Abstract:
A tunable oscillator with high frequency stability and accuracy which utilizes a counter that periodically checks the actual value of the frequency and depending upon the count reached in the counter stage produces one of two logic output signals such that the first signal is formed on the occurrence of a number from a first correlated number sequence which indicates a frequency deviation from the desired value in a first direction and the second number is formed on the occurrence of a number which deviates from the desired frequency in a second direction and wherein logic signals are used to directly or indirectly recharge a capacitor at varying time constants depending upon the frequence drift.

Description:
BACKGROUND OF THE INVENTION 
     1. Field of the Invention 
     This invention relates in general to stabilized oscillators. 
     2. Description of the Prior Art 
     Austrian Pat. No. 281,115 discloses an oscillator which is stabilized relative to its frequency drift due to the undesired characteristic fluctuations of the circuit elements and only slight frequency alterations in the time pulse train of the individual counting processes are required which represent points of instability in the frequency-time function. These alterations of the frequency value are particularly disturbing to the frequency characteristic of the oscillator when the regulating circuit is designed such that the regulating voltage alterations and thus the frequency alterations in the time unit exceed a specific degree. 
     SUMMARY OF THE INVENTION 
     The present invention comprises a tunable oscillator which has a high degree of frequency accuracy and stability which uses a counter that periodically checks the frequency&#39;s actual value and depending upon the counts reached by the counter stage in its lowest counting unit one of two logic signals is formed. The first signal is formed on the occurrence of a number which deviates from a first correlated number which indicates a frequency deviation from the theoretical value in a first direction and the second signal is formed on the occurrence of a number which deviates from the correlated number sequence in a second direction which indicates a frequency deviation from the theoretical value in the opposite direction. The logic signals thus formed are used directly or indirectly to recharge a capacitor whose charging voltage represents a regulating voltage which is supplied to the oscillator to vary frequency to reduce the frequency drift. The charging rate of the charging circuit can be varied. 
     Austrian Pat. No 281,115 discloses an oscillator of this type and these measures permit an oscillator to be stabilized relative to its frequency drift to the undesired characteristic value fluctuations of the circuit elements but this necessitates slight frequency alterations in the time pulse train of the individual counting processes and these represent points of instability in the frequency time function. These alterations of the frequency actual value are particularly disturbing to the frequency characteristic of the oscillator when the regulating circuit is designed such that the regulating voltage alterations and thus the frequency alterations in the time unit exceed a specific degree.
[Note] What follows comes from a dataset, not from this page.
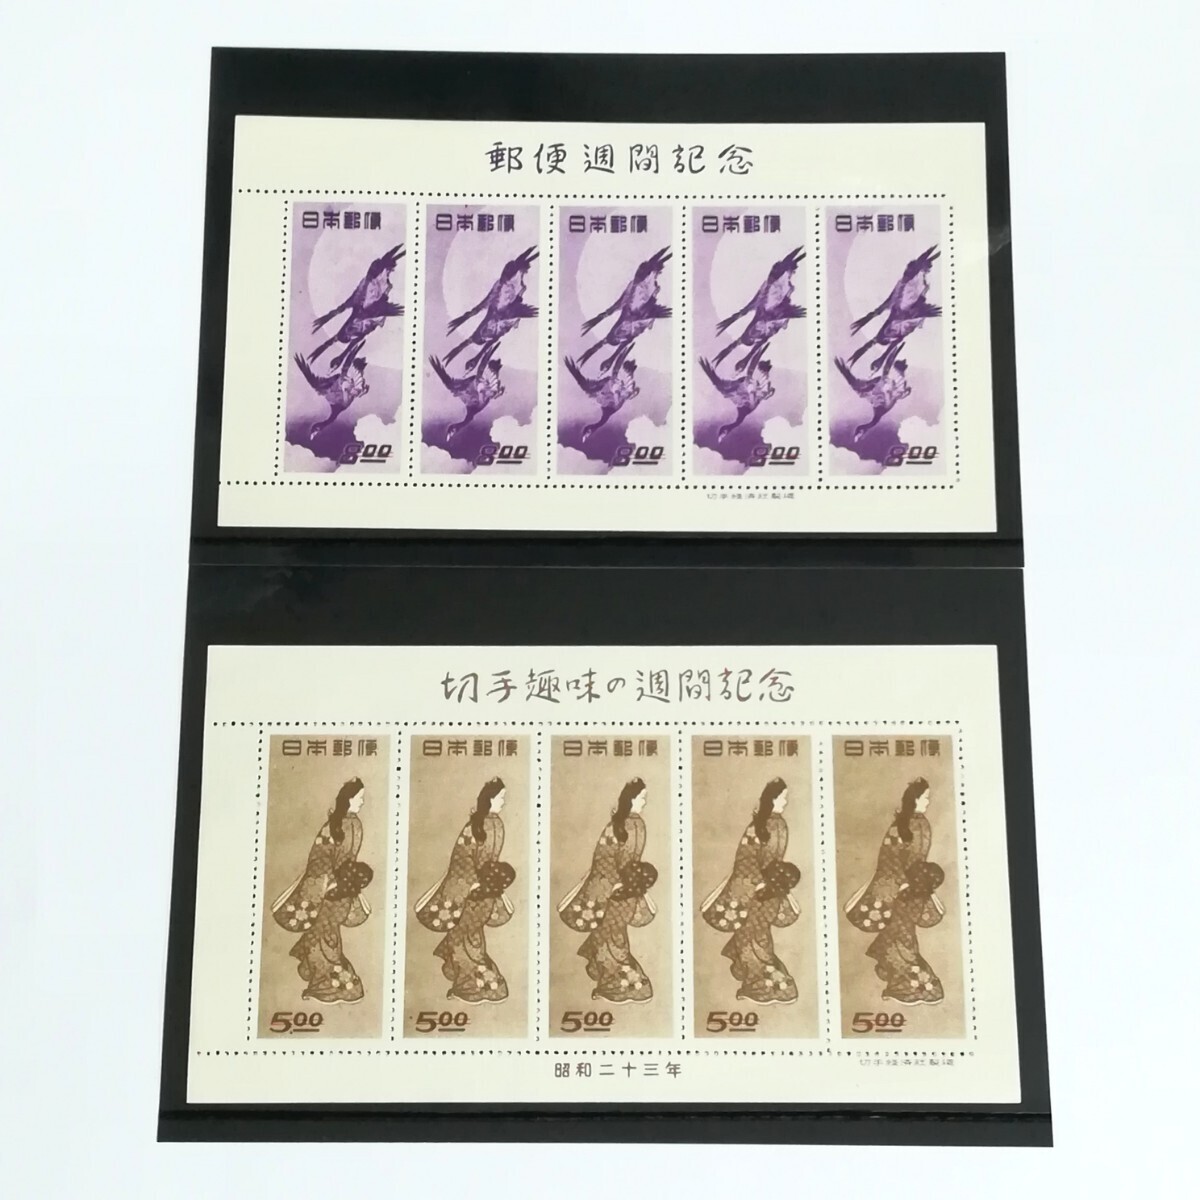 切手 『見返り美人』&『月に雁』のシートセット - 使用済切手/官製はがき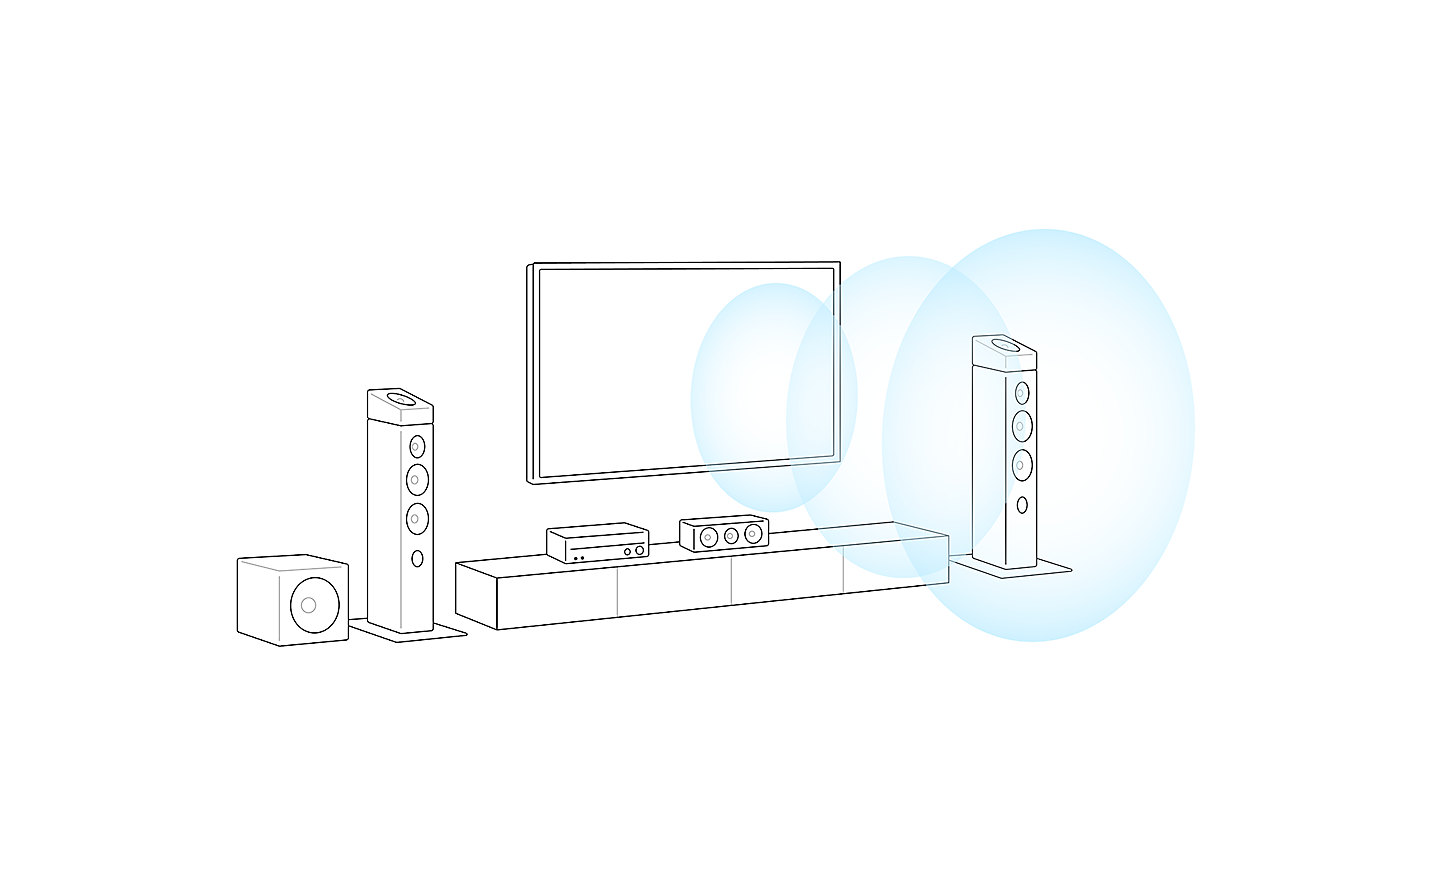 Nákres zostavenia televízora. 3 modré kruhy vychádzajú zo stredu televízora a predstavujú smer zvuku

However, if the regulating voltage alterations in the time unit are reduced which would in fact be desirable in order to achieve a uniform output frequency a rapid drift of the oscillator occurs for example when the device is switched on due to the rapid temperature rise which occurs or in the event of other rapid changes in the environmental temperature and this can lead to a departure from the regulating range and to the oscillator drifting freely. 
     The aim of the present invention is to eliminate these difficulties in oscillators of this type and it is achieved according to the invention in that the recharging circuit of the capacitor contains a switch which is actuated in the event of simultaneous occurrence of identical or different numerical values directly in series in one of the number sequences and causes the charging or discharging time constant to switch from a first value to a lower value. According to a further feature of the invention the recharging circuit of the capacitor contains a switch which is actuated on the occurrenc of those numerical values in those sequences which characterize a greater frequency deviation from the theoretical value than a predeterminable number of other numerical values in the same number sequences and which cause the charging or discharging time constant to switch over to a lower value. 
     The advantage which can be achieved with the invention is that in spite of the fact that the design of the regulating circuit is adapted to the normal drift characteristics of the oscillator and thus an optimum uniform output frequency is achieved when necessary it is also possible to reliably control much more rapid frequency drifts. 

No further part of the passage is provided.